I'm really happy with the secondary at the British college, my son has just started his IGCSEs, he did break his arm there a few weeks ago (just before his exams) and they've been excellent in their support and help with that. My daughter is in year 9 and just about to take her options, she moans about the odd thing here and there, but nothing more than usual schoolgirl moans and she is doing really well - ooooh, we should so get together, theres so much to discuss here. I've heard that the Sunlands primary is ok, but there is now a very low proportion of british children and apparently that reflects the direction of the school. IMO, the best school in this area is probably Sunnyview

Shall we meet up and then we can discuss it all????

Jo xxx


----------



## lynn

colabottles said:


> Just a few last minute details to sort out and can then book flights and accommodation for June! Thanks for the help. Hope you dont mind sending me a pm with your phone number so I could meet you. Want the kiddies to have a nice time too go to zoo swim etc.
> 
> Maybe you could help if you know? My hubby is a barber mens hairdresser and is really good at his job. He has been established in our village for donkeys years and is always chocka busy, rarely has time for a bite of a sandwich all day! Bless.
> 
> He wants to buy one for sale that is well established and build it up, been looking at premises for sale and heard Palm Tree Avenue hairdressers do well, perhaps Mijas might be better for us, don't know. Where do all the men go where you are? Los boliches in Fuengirola have too many and we need to look at Benalmadena, Torremuelle and Mijas.
> 
> Planning to make appointments from here so that he can visit and chat once we are there and see if its worth it. Problem here is we have to sell our home and buy a smaller one to which then rent out. As you say, rent in spain dont buy. I think I am in the stars at the moment as to open a business in spain to cover spanish rent and school fees and live is not looking feasable.


I'm not convinced that a barber's shop with one member of staff (your OH) is going to produce nearly enough income for you.... The British Barber in Fuengirola port was where I used to take my boys when we first arrived. He charged 10 euros per cut, adults and children alike, and there was never a queue or a wait to be served. I now cut my boys and my OH's hair at home to save money! (Then I can justify getting mine highlighted, cut and blow dried at a swanky salon lol!)


----------



## colabottles

Hahaha, you got that sussed! I used to get so fed up sitting with lampshade head foils on. Have opted for highlight tones effect tint - Belle hair colour blonde 8.03 which is £3 a time, twice a month! Save the pennies for a lovely beauty treatment! 

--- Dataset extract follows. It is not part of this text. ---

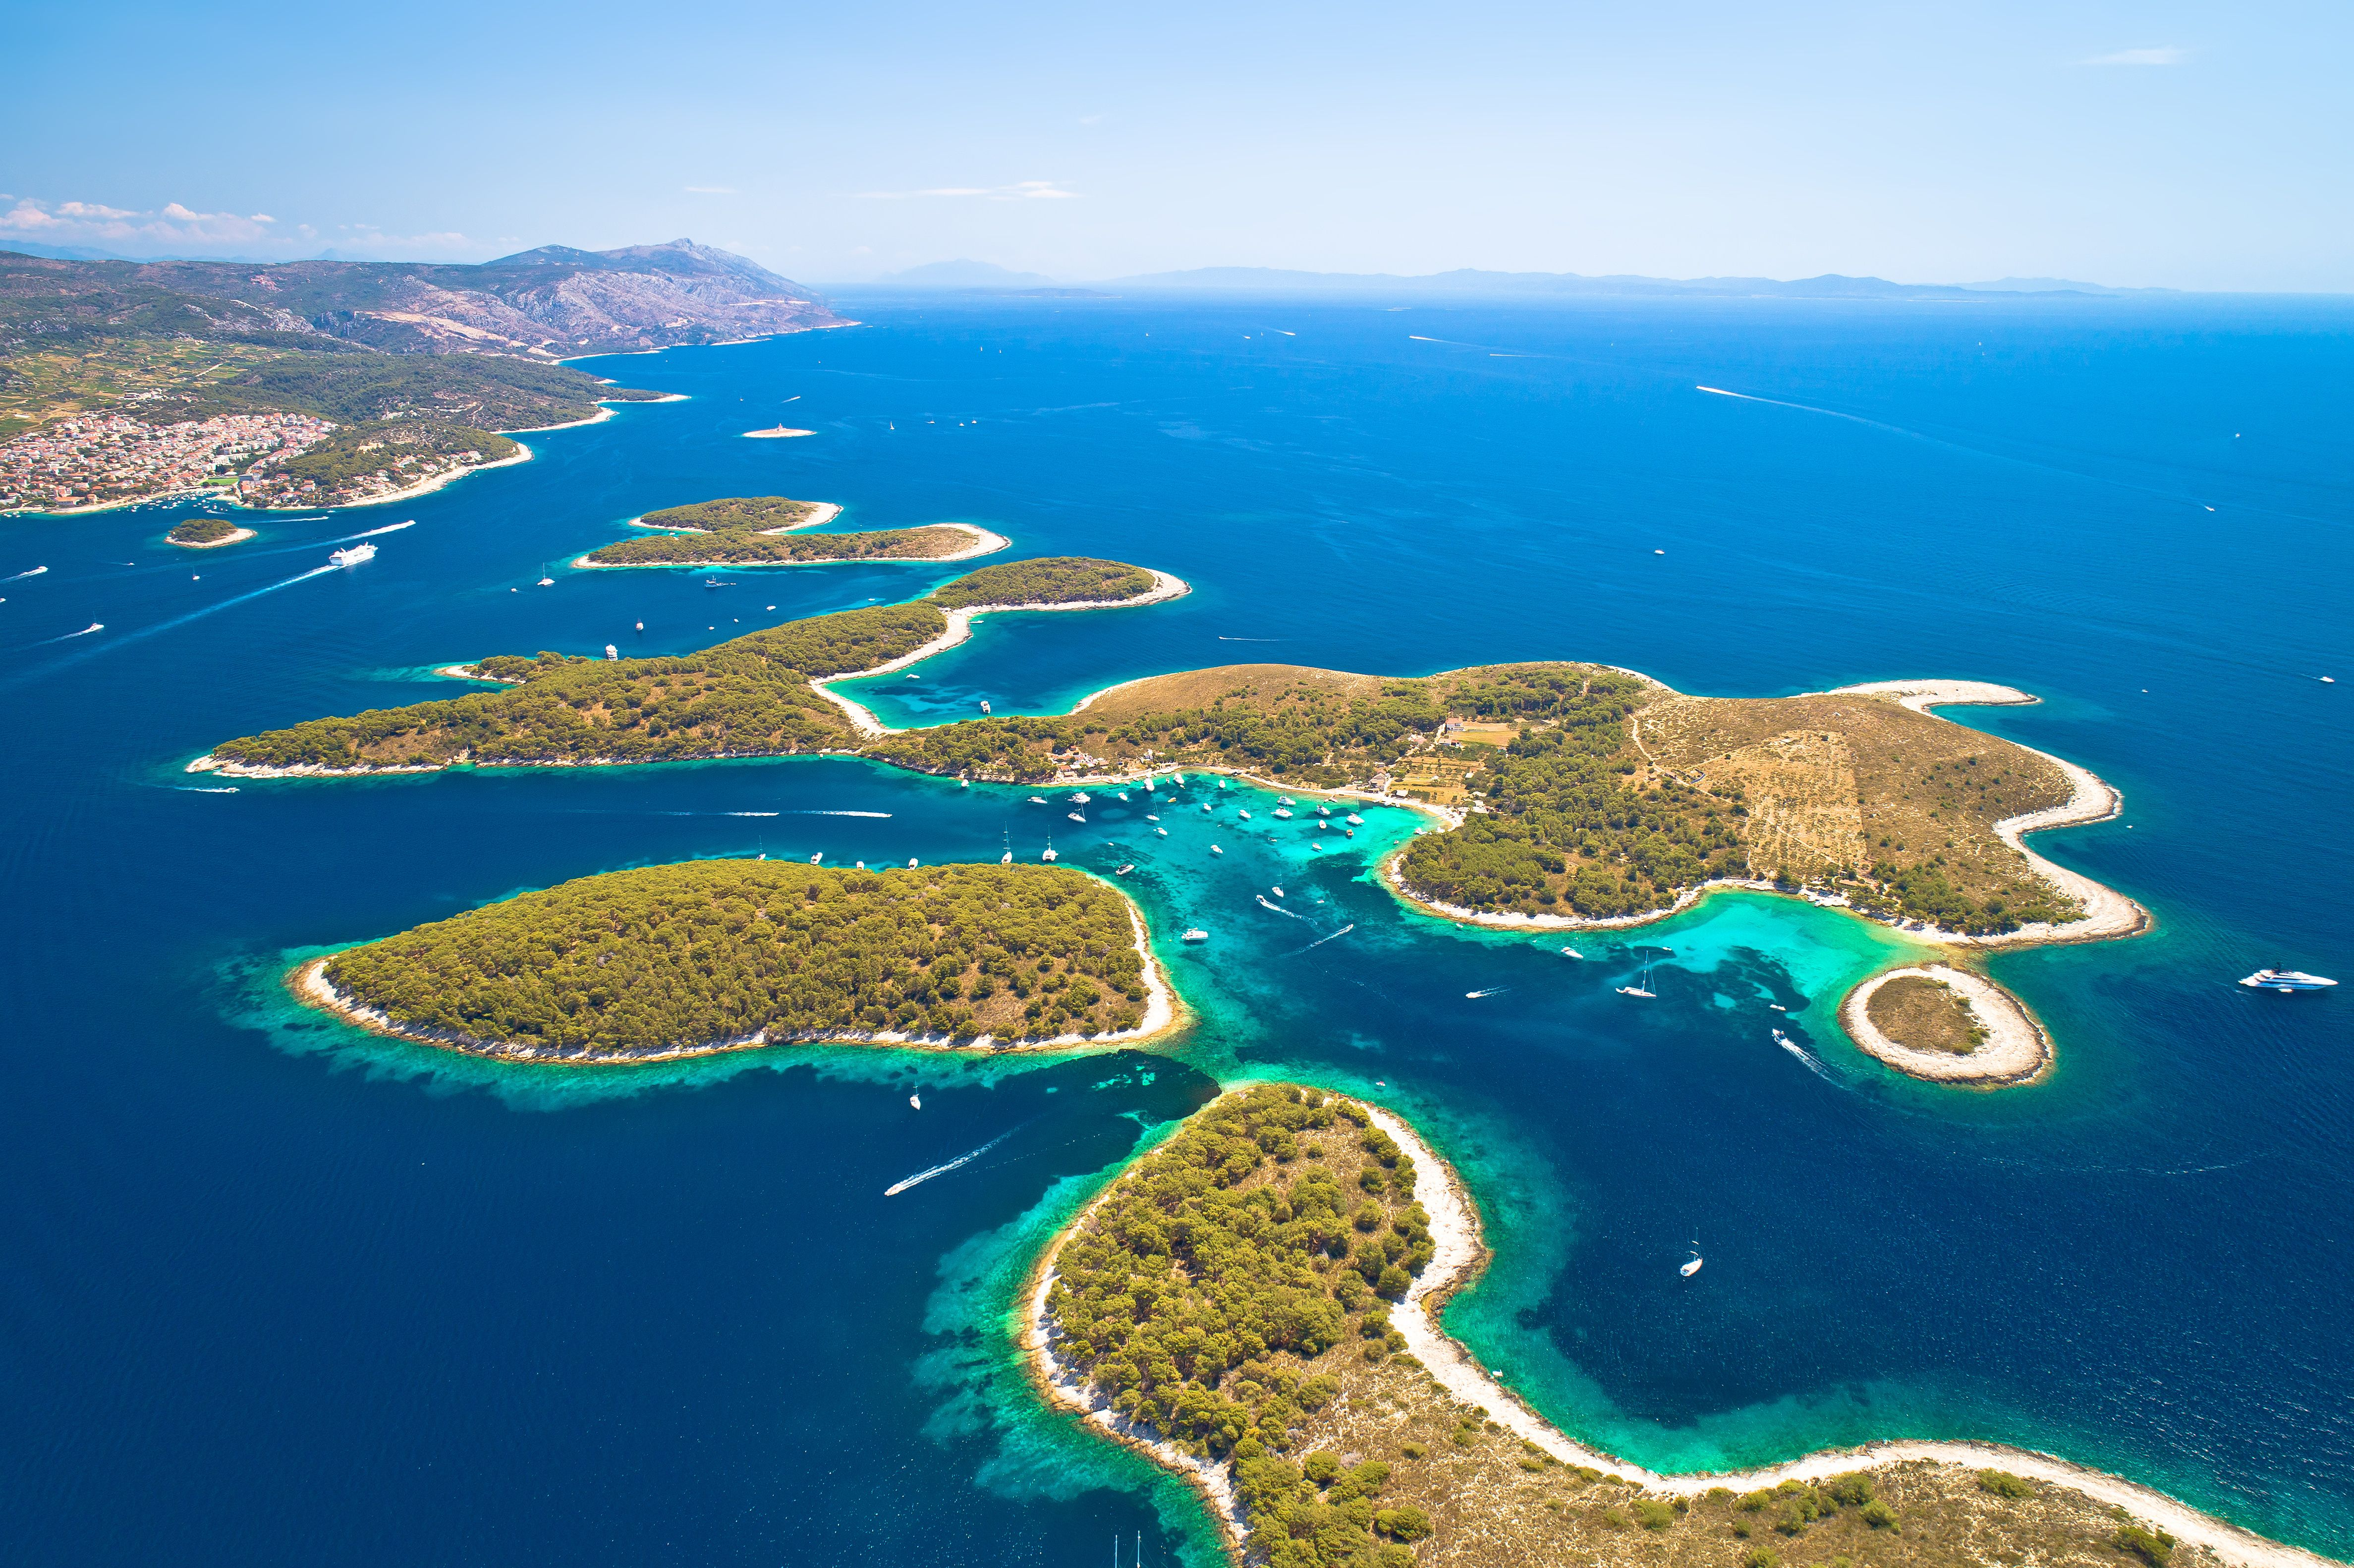 Dalmatiens Inseln per Yacht entdecken

Am going to benalmadena for a week, hope to meet up with Nat, Jo and yourself. x 



lynn said:


> I'm not convinced that a barber's shop with one member of staff (your OH) is going to produce nearly enough income for you.... The British Barber in Fuengirola port was where I used to take my boys when we first arrived. He charged 10 euros per cut, adults and children alike, and there was never a queue or a wait to be served. I now cut my boys and my OH's hair at home to save money! (Then I can justify getting mine highlighted, cut and blow dried at a swanky salon lol!)


----------



## jojo

It is going to be a tight call. If you put your kids into International school (both in secondary??), you're looking at 1,200€ a month excluding bits n bobs, uniforms etc. then theres your rent, you're looking at at least 1000€ a month for anything other than a two bed apartment, food, drink, socialising, a car..... I dont know how much Daniel (the barber) makes, he charges 9€ for kids and 10€ for adults, I think he does ok and probably does around 20 heads a day (thats a guess from the flowthru I've seen when I've been in there on a saturday morning). But he's a single lad who I dont think has any family overheads......

Oooohh, sorry, I dont mean to be negative 

Jo xxxx


----------



## colabottles

No you're quite right! The answer everyone wants is how much a month. The answer is you need at 7000euros a month nett plus to live out there. Bearing in mind most people rent for a year or two and then purchase a property which releases 1000 a month. 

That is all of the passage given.